This noob has been riding high-end bicycles for over 20 years. I tried replacing Shimano spindles with titanium ones long before you had this "revelation". I know from experience it's not a good idea.

I keep mentioning the Shimano spindles because titanium is weaker than chromoly steel. If the stock spindles aren't holding well in this new model, titanium ones will be even worse. You claim Ward redesigned the spindles. How much thicker could they make them without causing fit issues? I bet not much. And I bet they're still considerably narrower at that point than CB or Xpedo titanium spindles. Plus, the thin threaded end is still twice as long.

Unless you got a great deal on the pedals and the spindles, they are more expensive than what you're claiming.

XTR pedals cost 100-120 euros in most European stores and Ward Ti spindles about 60 dollars including shipping on eBay.

100 euros + 45 euros (60 dollars) = 145 euros.

One can get the Xpedo XMF08TT pedals for less than that on Bike-Components.de.
Xpedo M-Force XMF 08TT Titan Klickpedale - BIKE-COMPONENTS.DE

Exustar E-PM28Ti pedals have magnesium body and a one sealed bearing and one bushing combination. Xpedo XFM08TT pedals have titanium body and 3 cartridge bearings. Certainly not the same in terms of durability.


----------



## xc71 (Dec 24, 2008)

Are friggin serious. Lets do the math Sherlock - I gave you the website for Torontocycles.com which shows then at $38.00. I got the pedals for 100 euros minus the 19% VAT = 81 euros. And it would appear I've been riding high end bikes longer than you have.
Okay Mods lets get this ******** off of here - he's not going to stop just like on all the other threads he's destroyed.
In the case of Mr. Trollmaniac VS XTR 980 pedals tuned ... I rest my case.


----------



## sfer1 (Feb 22, 2009)

Minus 19% VAT, plus 20-35 euros shipping to Canada.

In any case, feel free to explain us what would be the point of spending this kind of money to end up with pedals that are much heavier and less reliable than other similarly priced options. 

These "tuned" XTR pedals are still heavy, potentially problematic (read dangerous, as breaking a spindle can result in a serious crash) and certainly a waste of money.

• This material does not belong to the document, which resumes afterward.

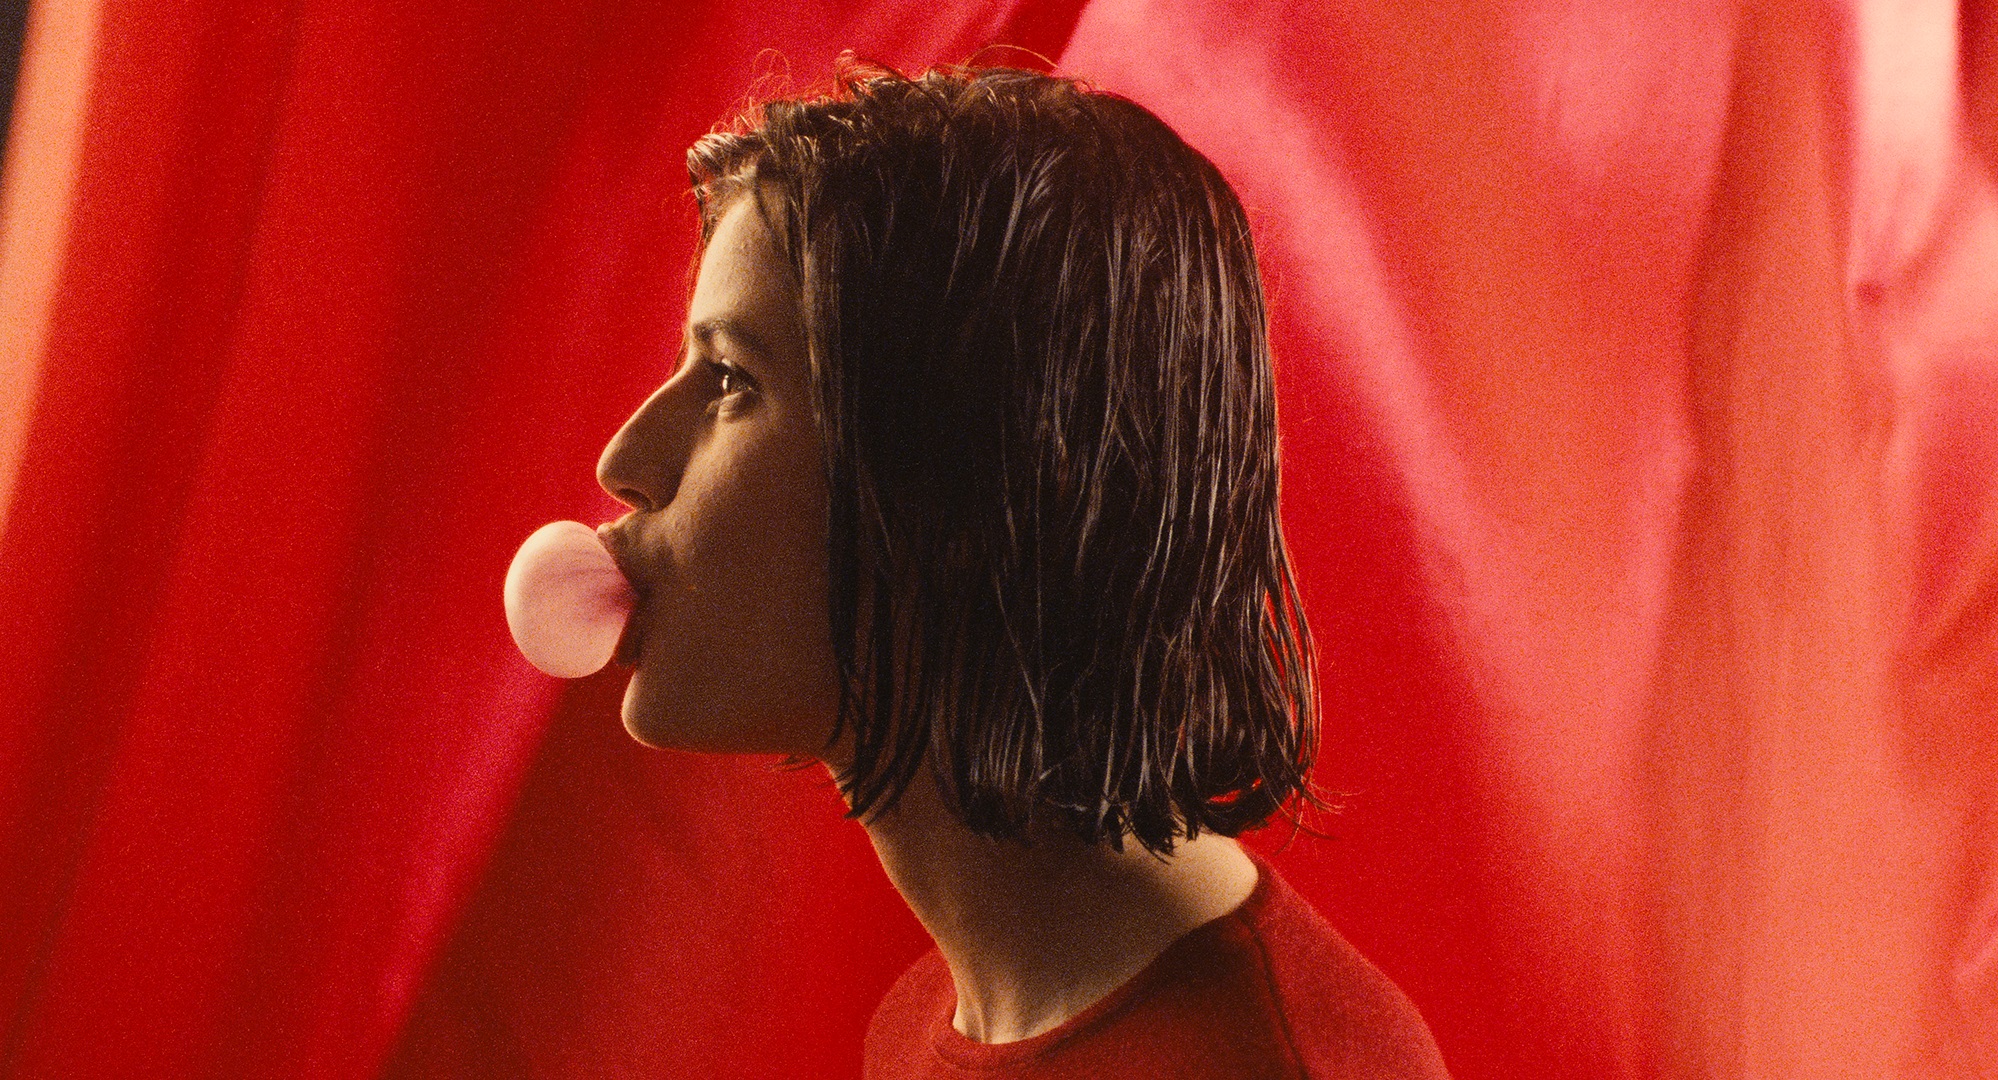 A profile show of a  young woman blowing bubblegum, in front of a red fabric backdrop.

Sorry for "destroying" your thread, but that's the truth.



...


----------



## MaLoL1 (Jan 16, 2004)

If you want light pedals, but also reliable, i suggest to scape of both shimano (heavy) and expedo (unreliable).

You have other really nice options, like speedplay frog, or bebop (now VP). My speedplay frogs are from 1998 and still going on strong. I just replaced bearings once, and cleats twice. Around 210g.

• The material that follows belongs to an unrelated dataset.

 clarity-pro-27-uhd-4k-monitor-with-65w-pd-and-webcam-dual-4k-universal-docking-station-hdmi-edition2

Bebops are even cheaper and have the same weight. I believe that spd for mtb and look pedals were good for their time, but evolution is there, and you have other options, out of mainstream.


----------



## MaLoL1 (Jan 16, 2004)

sfer1 said:


> Minus 19% VAT, plus 20-35 euros shipping to Canada.
> 
> In any case, feel free to explain us what would be the point of spending this kind of money to end up with pedals that are much heavier and less reliable than other similarly priced options.
> 
> ...


I agree. Waste of time and money.


----------



## MaLoL1 (Jan 16, 2004)

sfer1 said:


> I think it's very constructive to advise people not make the same mistake as you did.
> 
> This noob has been riding high-end bicycles for over 20 years. I tried replacing Shimano spindles with titanium ones long before you had this "revelation". I know from experience it's not a good idea.
> 
> ...


what's the weight of those xpedo with triple bearing? what's the price?

edited: 210g and 140€. Seems to me like a good option, although they are ugly and about reliability, i still have some doubts, but i guess it's a better option than shimano or tuned shimano.


----------